Data provided Block Start
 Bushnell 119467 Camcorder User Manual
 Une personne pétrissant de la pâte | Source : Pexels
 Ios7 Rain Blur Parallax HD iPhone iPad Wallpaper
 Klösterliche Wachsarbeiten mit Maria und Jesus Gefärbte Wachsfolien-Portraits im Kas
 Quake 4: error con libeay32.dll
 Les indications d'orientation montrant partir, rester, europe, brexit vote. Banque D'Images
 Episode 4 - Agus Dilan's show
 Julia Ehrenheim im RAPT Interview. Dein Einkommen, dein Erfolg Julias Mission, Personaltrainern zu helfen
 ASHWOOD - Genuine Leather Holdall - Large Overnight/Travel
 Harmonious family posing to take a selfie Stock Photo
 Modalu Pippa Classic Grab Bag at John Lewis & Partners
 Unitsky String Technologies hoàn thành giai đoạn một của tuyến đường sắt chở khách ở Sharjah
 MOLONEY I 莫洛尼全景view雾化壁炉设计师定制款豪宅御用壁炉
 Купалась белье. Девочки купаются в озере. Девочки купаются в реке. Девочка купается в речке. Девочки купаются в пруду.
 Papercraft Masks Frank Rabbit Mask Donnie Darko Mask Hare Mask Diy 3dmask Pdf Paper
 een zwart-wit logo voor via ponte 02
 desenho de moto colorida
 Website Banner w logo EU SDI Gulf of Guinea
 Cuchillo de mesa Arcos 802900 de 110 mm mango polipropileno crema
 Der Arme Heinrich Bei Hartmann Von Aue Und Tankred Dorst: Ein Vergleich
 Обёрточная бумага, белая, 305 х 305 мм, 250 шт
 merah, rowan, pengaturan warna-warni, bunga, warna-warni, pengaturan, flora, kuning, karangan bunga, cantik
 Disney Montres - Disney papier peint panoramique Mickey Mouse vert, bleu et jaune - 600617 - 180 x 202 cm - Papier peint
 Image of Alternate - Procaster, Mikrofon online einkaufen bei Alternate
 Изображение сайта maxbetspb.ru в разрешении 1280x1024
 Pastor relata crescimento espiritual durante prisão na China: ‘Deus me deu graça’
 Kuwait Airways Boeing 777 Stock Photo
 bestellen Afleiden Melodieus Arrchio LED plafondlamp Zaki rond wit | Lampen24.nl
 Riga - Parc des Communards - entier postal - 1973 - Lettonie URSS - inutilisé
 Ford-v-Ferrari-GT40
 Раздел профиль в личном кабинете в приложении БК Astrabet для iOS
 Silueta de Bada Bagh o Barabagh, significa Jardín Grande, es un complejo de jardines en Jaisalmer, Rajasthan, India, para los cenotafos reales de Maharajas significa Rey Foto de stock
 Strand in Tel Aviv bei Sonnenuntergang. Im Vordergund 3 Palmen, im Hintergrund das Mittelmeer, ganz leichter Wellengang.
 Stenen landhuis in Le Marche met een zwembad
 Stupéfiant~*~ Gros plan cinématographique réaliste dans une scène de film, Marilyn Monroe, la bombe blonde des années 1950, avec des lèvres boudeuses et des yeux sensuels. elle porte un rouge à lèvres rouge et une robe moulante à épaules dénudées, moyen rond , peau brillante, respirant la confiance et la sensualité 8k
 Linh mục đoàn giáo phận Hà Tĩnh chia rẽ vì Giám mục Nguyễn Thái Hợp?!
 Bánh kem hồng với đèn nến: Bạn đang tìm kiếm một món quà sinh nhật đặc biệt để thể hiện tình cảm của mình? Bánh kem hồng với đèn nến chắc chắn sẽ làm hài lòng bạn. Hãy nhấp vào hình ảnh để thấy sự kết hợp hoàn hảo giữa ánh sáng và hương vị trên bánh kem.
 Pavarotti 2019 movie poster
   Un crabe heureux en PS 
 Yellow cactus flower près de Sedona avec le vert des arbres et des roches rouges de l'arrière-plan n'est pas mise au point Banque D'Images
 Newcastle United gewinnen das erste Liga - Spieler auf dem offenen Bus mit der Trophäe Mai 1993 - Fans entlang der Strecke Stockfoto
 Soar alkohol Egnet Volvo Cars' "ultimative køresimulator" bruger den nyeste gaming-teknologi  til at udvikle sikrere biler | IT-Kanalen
Data provided Block End
## [Aim of the exercise]
Please work out how many lines of the listing contain the string "hoàn", and answer with the number only.

## [Response below]
2